Uma diminuição de 10% nos gastos seria suficiente para, por exemplo, bancar por um ano 3.000 projetos de ONGs que recebem verba pública para auxiliar portadores do vírus da Aids.
"Nossa posição é utilizar todos os instrumentos disponíveis, caso não consigamos uma redução dos preços", afirma Alexandre Grangeiro, coordenador-adjunto do Programa Nacional de DSTs/ Aids. Segundo ele, a preferência é pela negociação. "Mas a quebra de patente é prerrogativa nossa e temos base legal para isso", afirma. "Diante do cenário econômico, ou baixamos os preços ou iniciamos a produção nacional."
Com a decisão, o Ministério da Saúde da era petista retoma estratégia da gestão do ex-ministro José Serra (PSDB) que teve repercussão internacional.
O licenciamento compulsório está previsto na Lei de Patentes brasileira, de 1996, em casos em que houver abuso econômico ou venda por um período longo com ausência de produção local.
A partir de 2000, o ex-ministro Serra fez ameaças sucessivas aos laboratórios que produzem remédios para o coquetel anti-HIV, obteve descontos e a quebra de patentes não se concretizou.
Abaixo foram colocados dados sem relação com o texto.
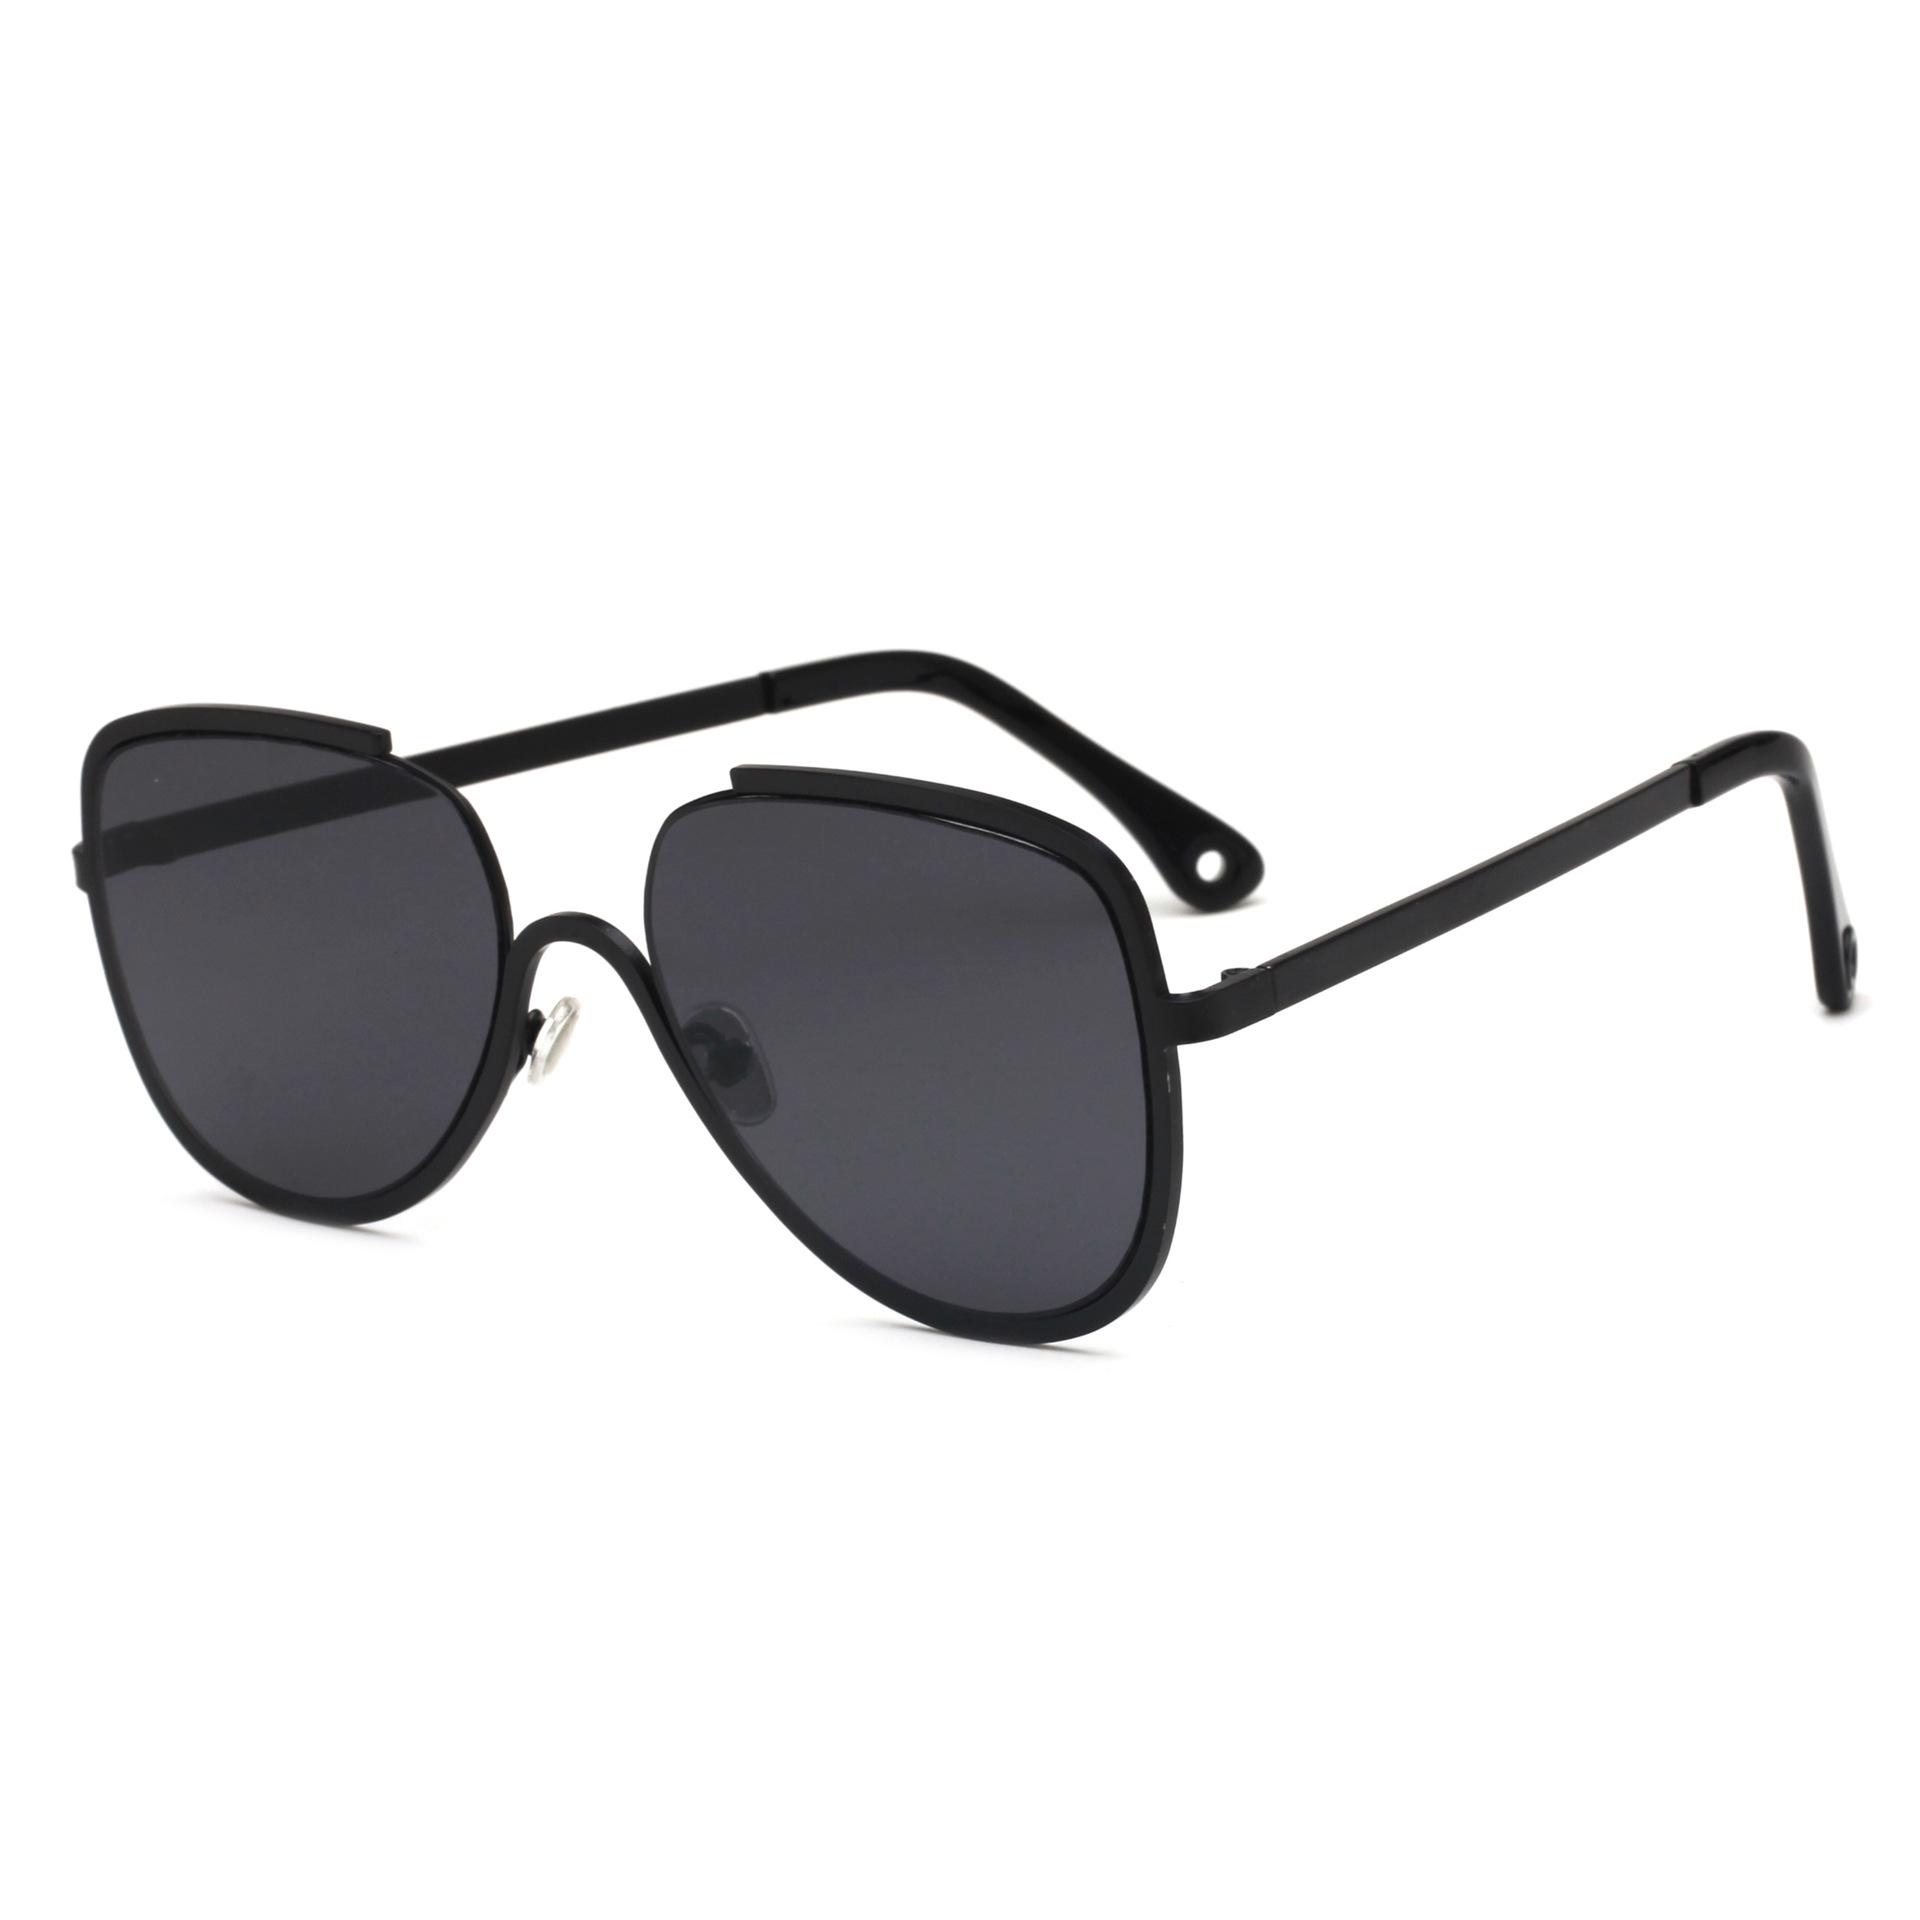 Màu ống kính:C1 nửa mờ đen xám đầy đủ

ONGs do mundo inteiro apoiaram a ação, assim como os governos de outros países.
Os EUA chegaram a levar a questão ao fórum máximo de arbitragem, a OMC (Organização Mundial do Comércio), que entendeu que a legislação brasileira não fere o Trips, acordo internacional sobre direitos de propriedade intelectual. O Trips prevê o licenciamento compulsório para os casos de emergência nacional.
A indústria farmacêutica teme uma redução de preços no Brasil justamente por causa do risco de um "efeito dominó", de que a decisão abra precedente e afete os lucros do setor em escala global. O programa de combate à Aids brasileiro é considerado modelo pelos organismos internacionais e assumiu a liderança em processos de negociação.
ONGs ligadas à área defendem que o governo cumpra a ameaça.
"Quebrar definitivamente as patentes é a única forma de seguir com essa política, pois não dispomos de dinheiro e o número de doentes de Aids aumenta a cada dia no Brasil", diz Mário Scheffer, diretor do Pela Vidda/São Paulo.